4

I've been sent a HDD of new and updated files from an organisation that we are working with, but we already have most of the files sitting on our servers, and would like to update our local versions to match theirs.

Normally, this would be a job for something like rsync, but our problem is that the directory structure they provide is very poorly organised and we've had to rearrange their files in the past to work best with our systems.

So, my question is:

How can I find out which files in the set they have provided are new or different to the versions that we have, when the directory structures are different?

Once that question is answered, we can update the changed files, and work out where to put the new files on our system, probably somewhat manually.

ewwhite
  • 197,159
  • 92
  • 443
  • 809
David Dean
  • 441
  • 1
  • 6
  • 11
  • possible duplicate of [Linux: Diff Two Directories?](http://serverfault.com/questions/190503/linux-diff-two-directories) – quanta Sep 10 '12 at 02:40
  • http://serverfault.com/questions/59108/how-to-compare-differences-between-directories-linux – quanta Sep 10 '12 at 02:40
  • 2
    Not a duplicate, files can have different names or be in different subdirectories, `diff` won't help here – Hubert Kario Sep 12 '12 at 17:54

2 Answers2

3

Ok, here is my first attempt at something. It seems to work moderately well for what I need, but I am open to better suggestions:

First, get md5sums of all the files in both our filesystem and the new data:

find /location/of/data -type f -exec md5sum {} ';' > our.md5sums
find /media/newdisk -type f -exec md5sum {} ';' > their.md5sums

And I wrote a short python script called md5diff.py:

#!/usr/bin/env python
import sys
print "Comparing", sys.argv[1], "to", sys.argv[2]

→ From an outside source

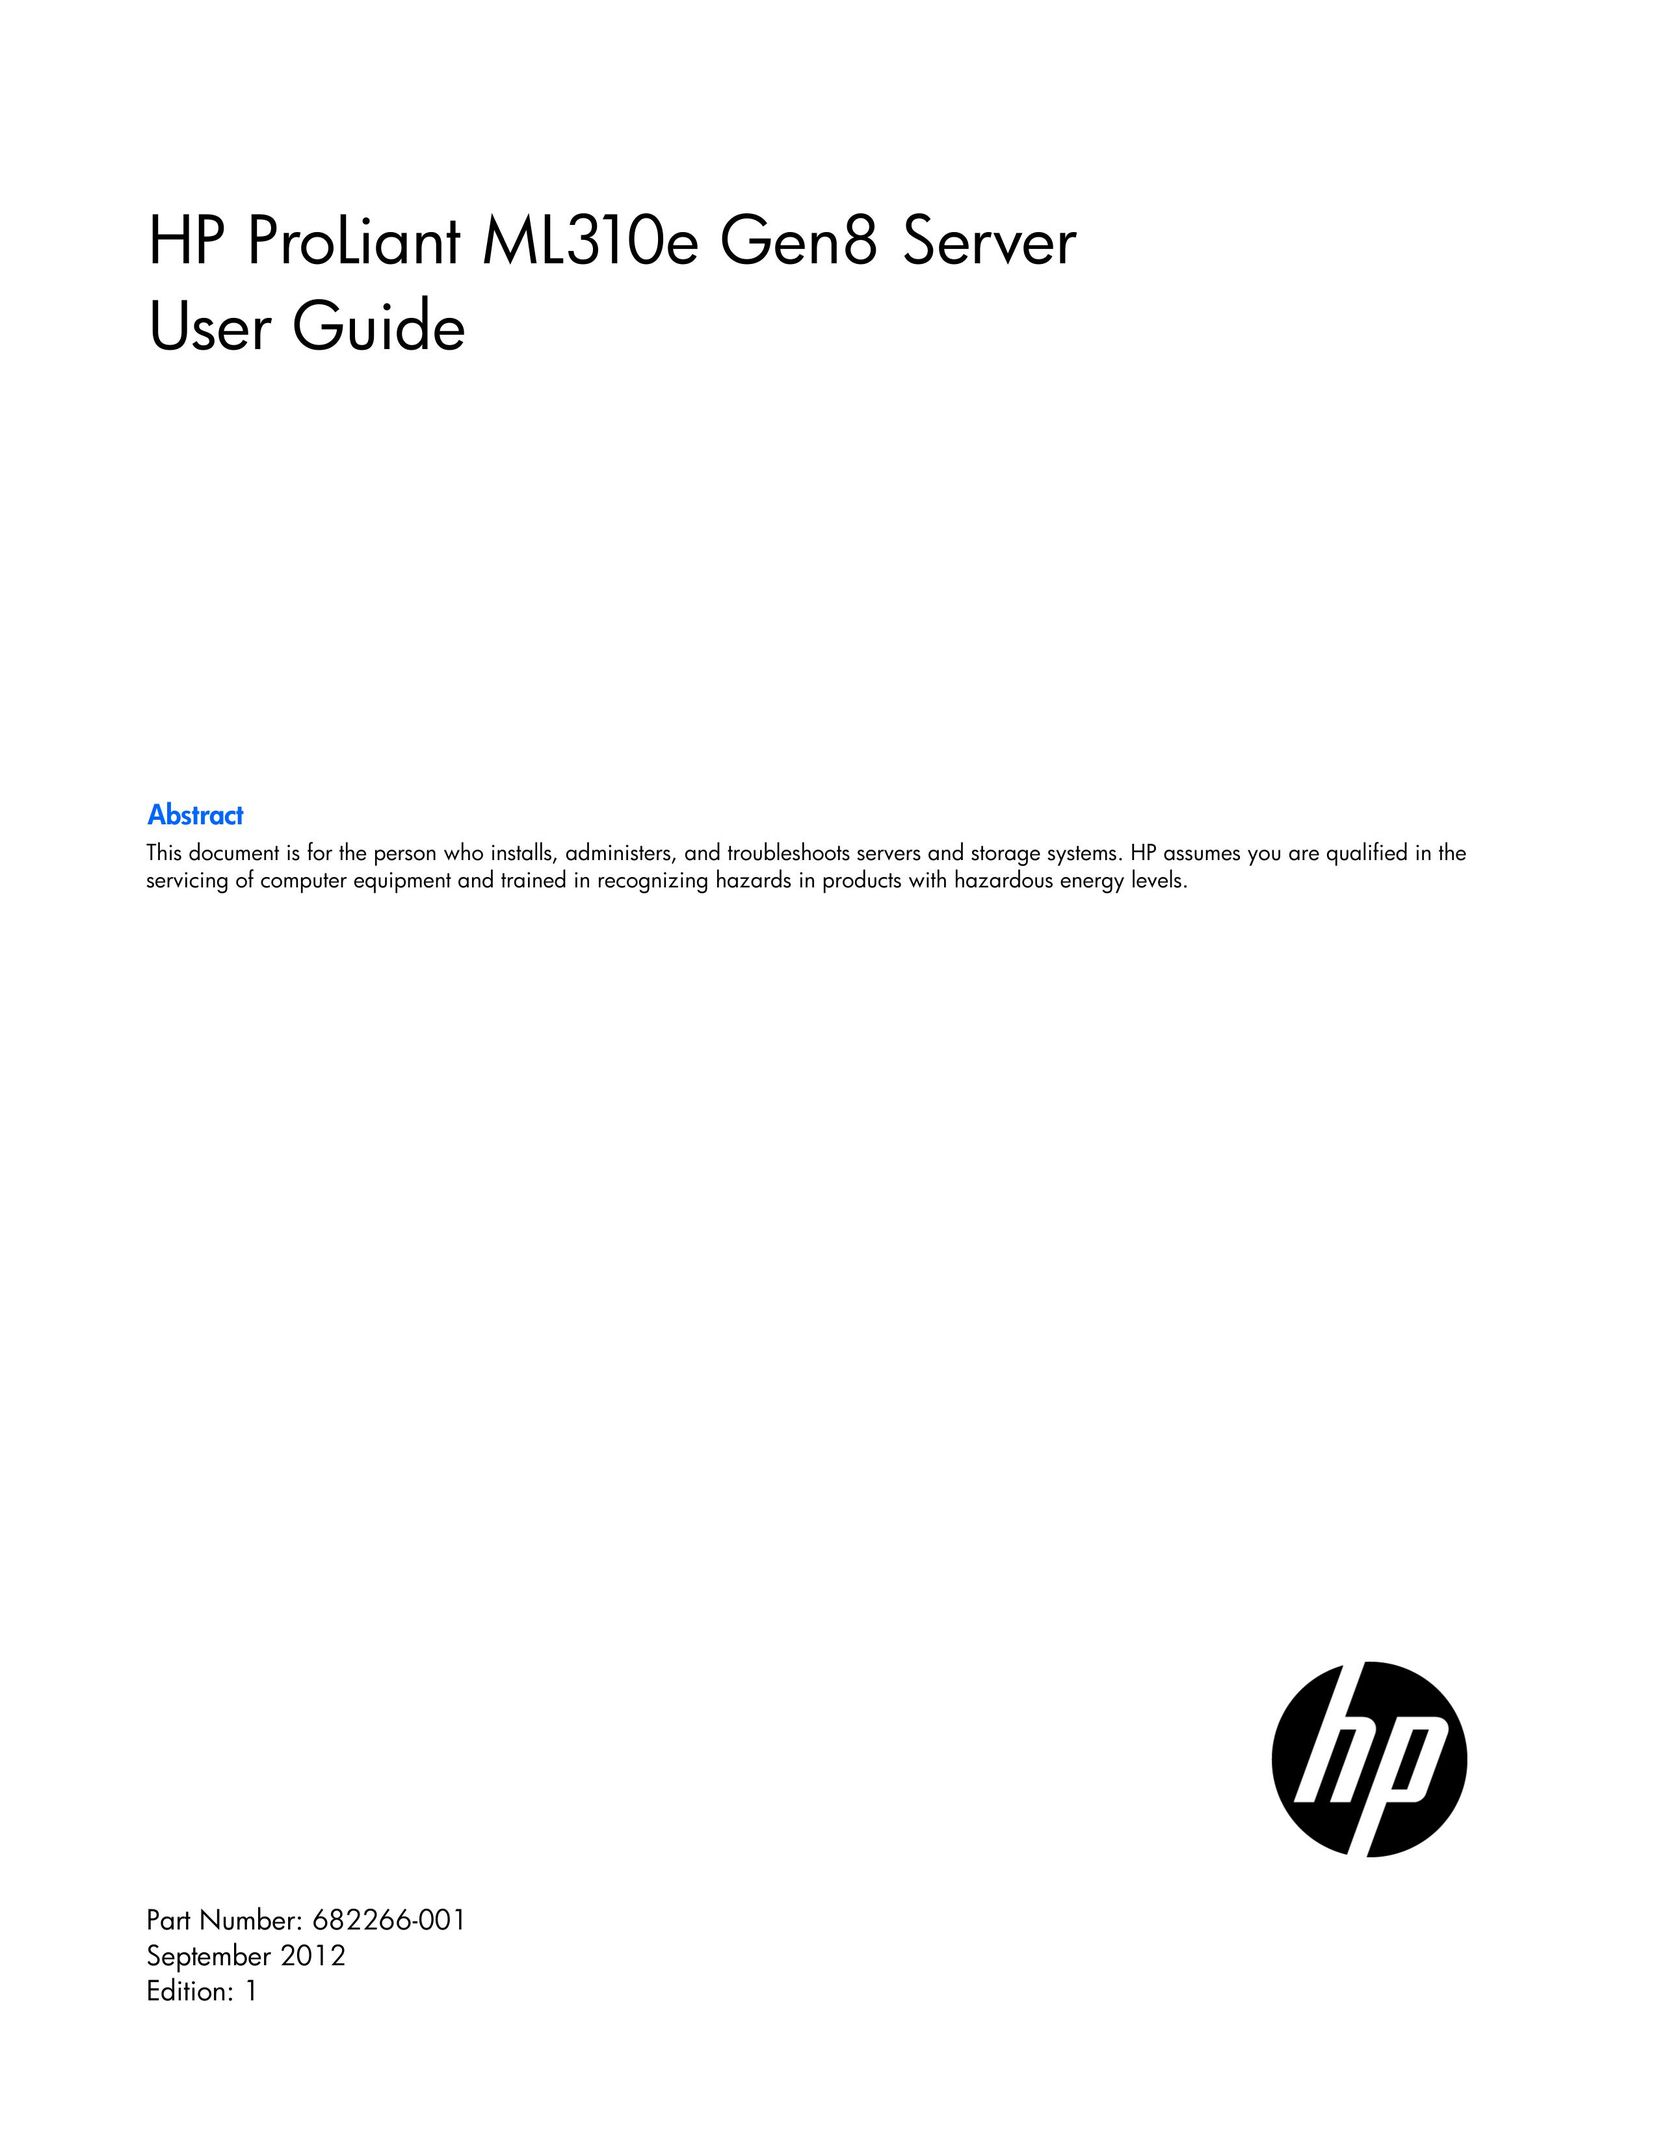 HP (Hewlett-Packard) 674786-001 Server User Manual

# Create a dictionary based upon the hashes in source B
dict = {}
for line in open(sys.argv[2]):
    p = line.partition(' ')
    dict[p[0]] = p[2].strip()


# Now go through source A and report where the file is in source B
for line in open(sys.argv[1]):
    p = line.partition(' ')
    if p[0] in dict:
        print line.strip(), "(", sys.argv[2], ":",dict[p[0]], ")"
    else:
        print line.strip(), "NOT IN", sys.argv[2]

So now I can use

./md5diff.py their.md5sums our.md5sums

And if I add in a | grep "NOT IN" it will only list the files on their media that we don't already have (or is different from what we have). From their I can start to manually attack the known differences.

David Dean
  • 441
  • 1
  • 6
  • 11
  • Seems like around about way. Couldn't you just do an ls and strip the paths to compare the file names only, rather than a hash of the whole file? – Mark Henderson Sep 10 '12 at 02:01
  • file names are not necessarily unique, and we need to know when a file changes (so the hash would change too). – David Dean Sep 10 '12 at 02:08
1

You don't have to MD5 to compare modification time changes. With that said, you could probably (barring a huge data set) copy the new and updated files to local storage, use a tool like fslint to identify duplicates, then use modification times (not just MD5sums) to reconcile everything else.

One important question is, how do you know if a file has been updated if the path isn't the same on the new storage? If file names aren't unique ("Sales Report August 2012.xls" could apply to many departments, for example), then how do you know when you are updating an existing file versus overwriting an existing file with unrelated content?

I would err on the side of caution and keep everything, file paths included. You can identify identical files and create symlinks to the originals for a poor man's deduplication system, but in reality your storage system should handle that for you. The worst-case scenario is trashing user data just to save space.

Joel E Salas
  • 5,572
  • 16
  • 25